The kubernetesClusterConfig block supports:

    virtual_cluster_config {
      kubernetes_cluster_config {
        kubernetes_namespace = "foobar"

        kubernetes_software_config {
          component_version = {
            "SPARK" : "3.1-dataproc-7"
          }

          properties = {
            "spark:spark.eventLog.enabled": "true"
          }
        }

        gke_cluster_config {
          gke_cluster_target = google_container_cluster.primary.id

          node_pool_target {
            node_pool = "dpgke"
            roles = ["DEFAULT"]

            node_pool_config {
              autoscaling {
                min_node_count = 1
                max_node_count = 6
              }

              config {
                machine_type      = "n1-standard-4"
                preemptible       = true
                local_ssd_count   = 1
                min_cpu_platform  = "Intel Sandy Bridge"
              }

              locations = ["us-central1-c"]
            }
          }
        }
      }
    }
  • kubernetesNamespace (Optional) A namespace within the Kubernetes cluster to deploy into. If this namespace does not exist, it is created. If it exists, Dataproc verifies that another Dataproc VirtualCluster is not installed into it. If not specified, the name of the Dataproc Cluster is used.

  • kubernetesSoftwareConfig (Required) The software configuration for this Dataproc cluster running on Kubernetes.

    • componentVersion (Required) The components that should be installed in this Dataproc cluster. The key must be a string from the\ KubernetesComponent enumeration. The value is the version of the software to be installed. At least one entry must be specified.
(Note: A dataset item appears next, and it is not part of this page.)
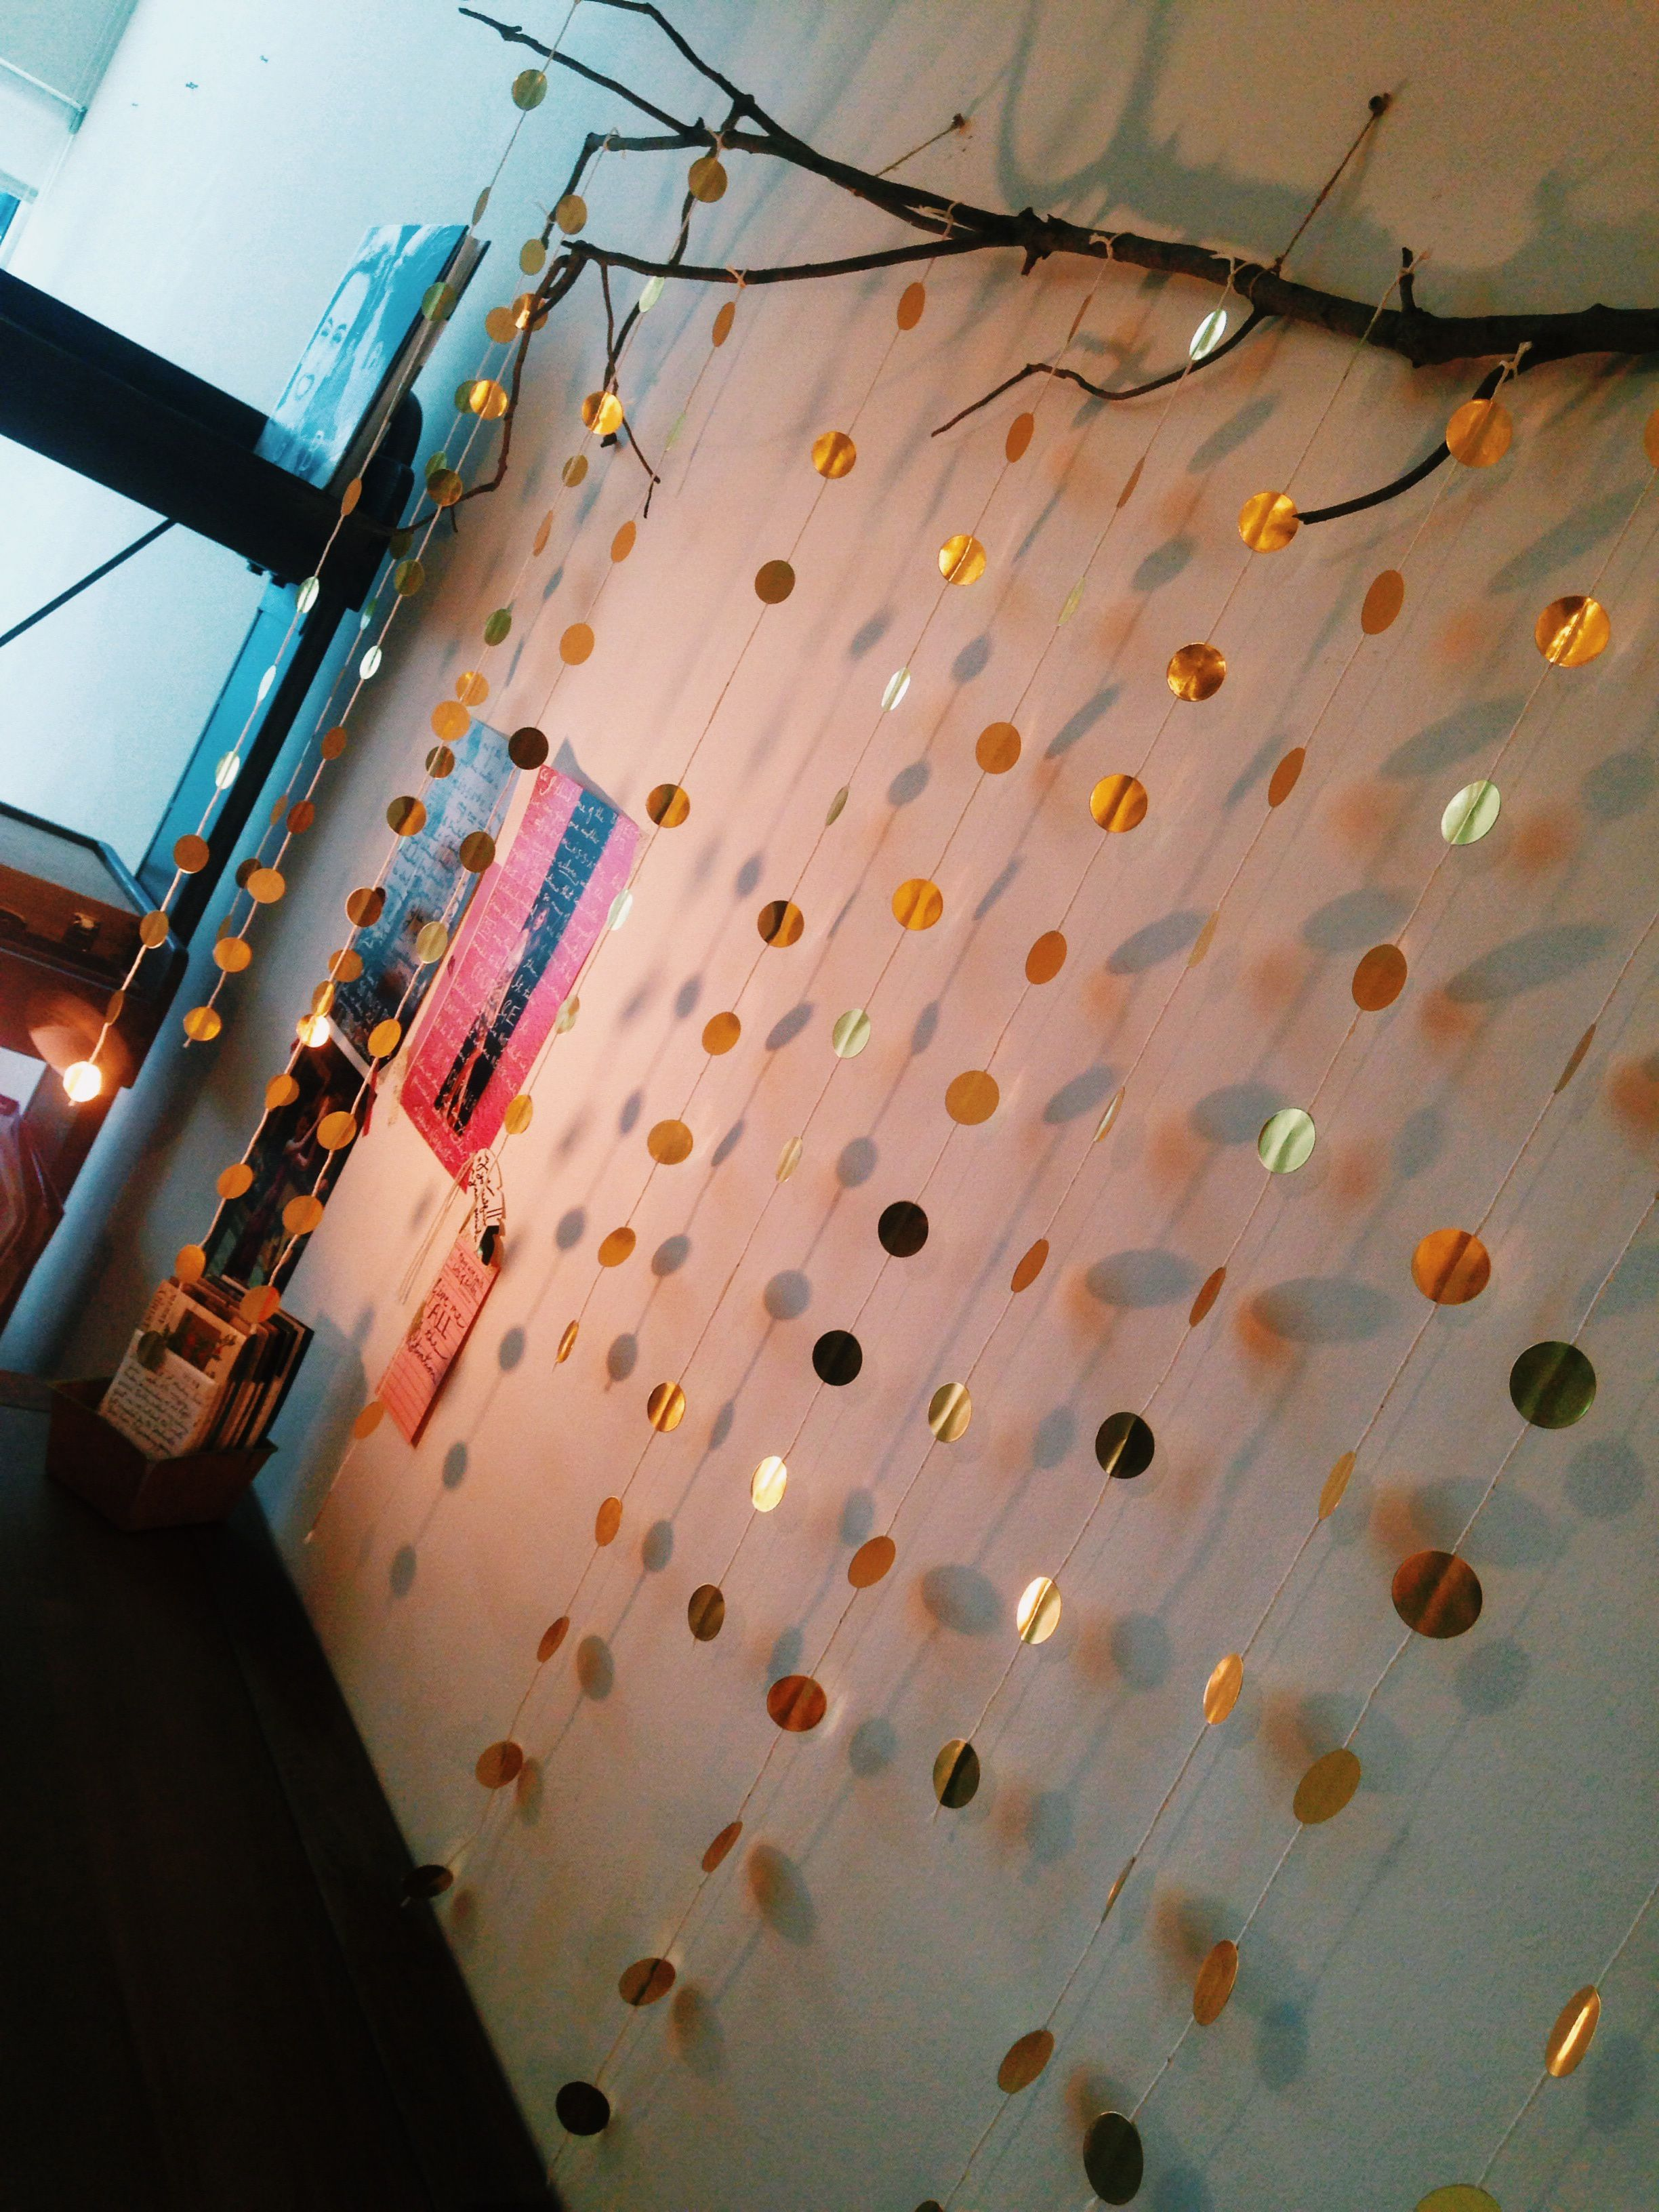 Wall Installation Art - Makipera.com & Wall Installation Art - Makipera.com | Abstract metal wall art ...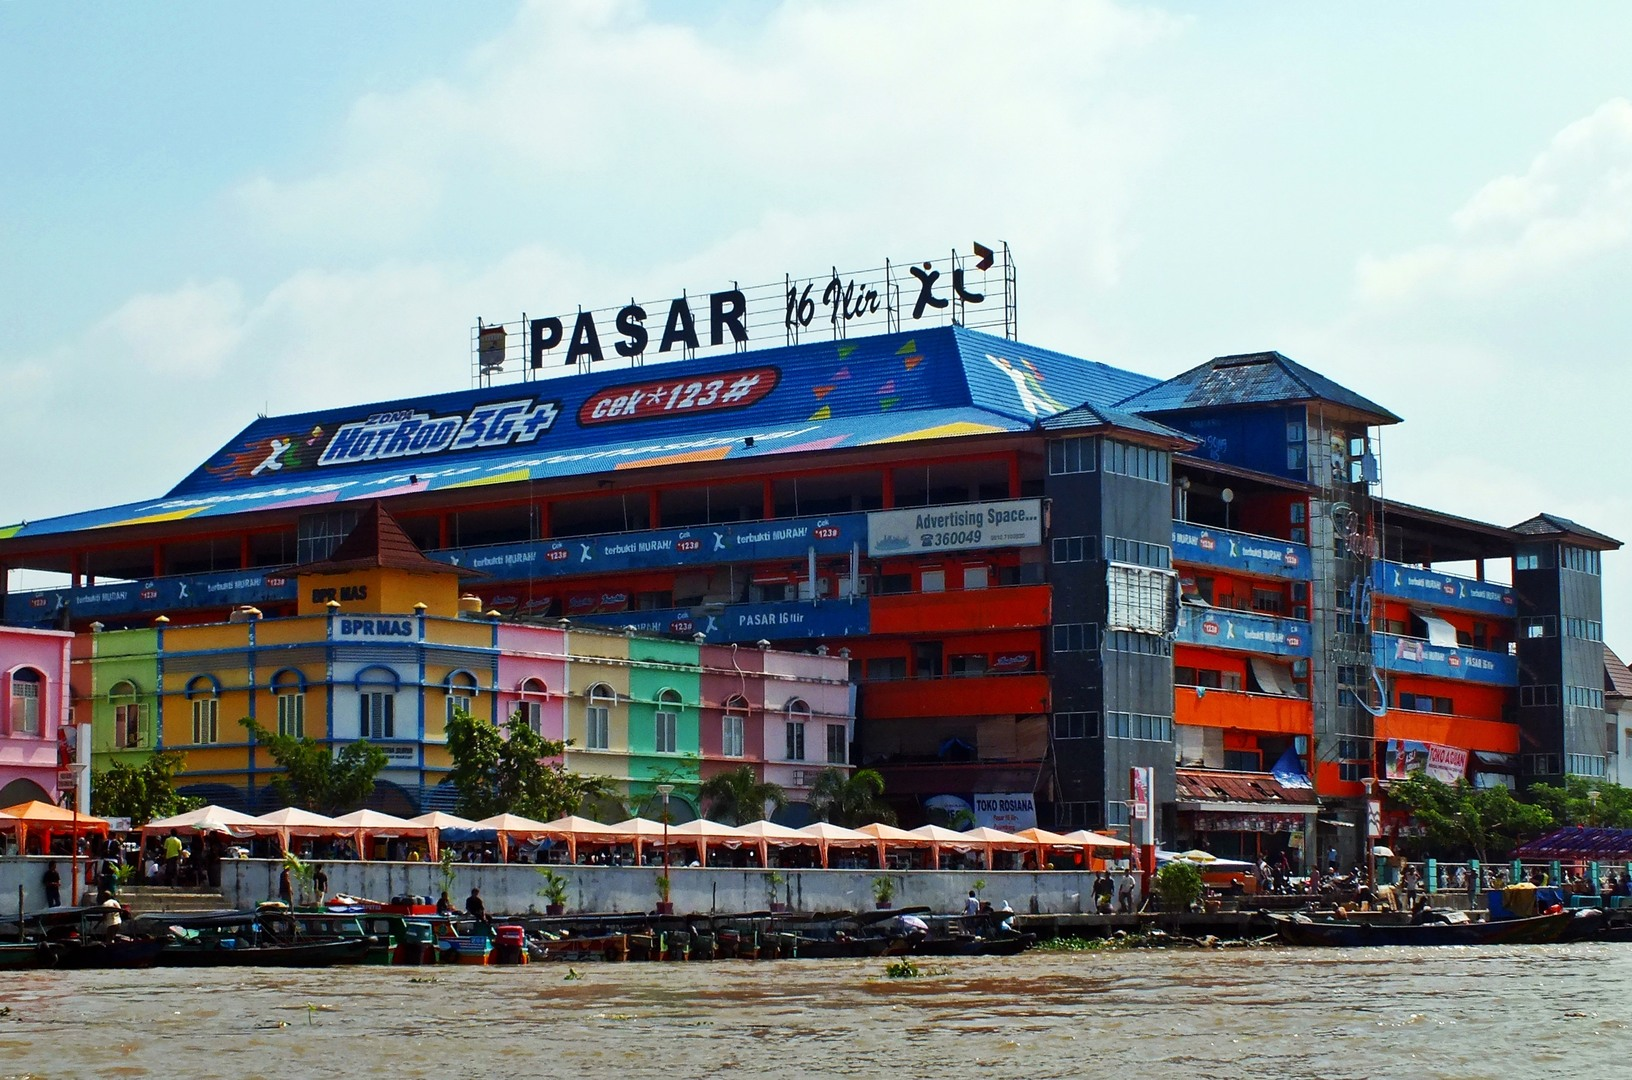 1.-Pasar-16-Ilir-Tempat-Wisata-Belanja-Wajib-di-Palembang1

      • NOTE : componentVersion[spark] is mandatory to set, or the creation of the cluster will fail.
    • properties (Optional) The properties to set on daemon config files. Property keys are specified in prefix:property format, for example spark:spark.kubernetes.container.image.

  • gkeClusterConfig (Required) The configuration for running the Dataproc cluster on GKE.

    • gkeClusterTarget (Optional) A target GKE cluster to deploy to. It must be in the same project and region as the Dataproc cluster (the GKE cluster can be zonal or regional)

    • nodePoolTarget (Optional) GKE node pools where workloads will be scheduled. At least one node pool must be assigned the default GkeNodePoolTarget.Role. If a GkeNodePoolTarget is not specified, Dataproc constructs a default GkeNodePoolTarget. Each role can be given to only one GkeNodePoolTarget. All node pools must have the same location settings.

      • nodePool (Required) The target GKE node pool.

      • roles (Required) The roles associated with the GKE node pool. One of "default", "controller", "sparkDriver" or "sparkExecutor".

      • nodePoolConfig (Input only) The configuration for the GKE node pool. If specified, Dataproc attempts to create a node pool with the specified shape. If one with the same name already exists, it is verified against all specified fields. If a field differs, the virtual cluster creation will fail.

        • autoscaling (Optional) The autoscaler configuration for this node pool. The autoscaler is enabled only when a valid configuration is present.

          • minNodeCount (Optional) The minimum number of nodes in the node pool. Must be >= 0 and <= maxNodeCount.

          • maxNodeCount (Optional) The maximum number of nodes in the node pool. Must be >= minNodeCount, and must be > 0.

        • config (Optional) The node pool configuration.

          • machineType (Optional) The name of a Compute Engine machine type.

          • localSsdCount (Optional) The number of local SSD disks to attach to the node, which is limited by the maximum number of disks allowable per zone.

          • preemptible (Optional) Whether the nodes are created as preemptible VM instances. Preemptible nodes cannot be used in a node pool with the CONTROLLER role or in the DEFAULT node pool if the CONTROLLER role is not assigned (the DEFAULT node pool will assume the CONTROLLER role).

          • minCpuPlatform (Optional) Minimum CPU platform to be used by this instance. The instance may be scheduled on the specified or a newer CPU platform. Specify the friendly names of CPU platforms, such as "Intel Haswell" or "Intel Sandy Bridge".

          • spot (Optional) Spot flag for enabling Spot VM, which is a rebrand of the existing preemptible flag.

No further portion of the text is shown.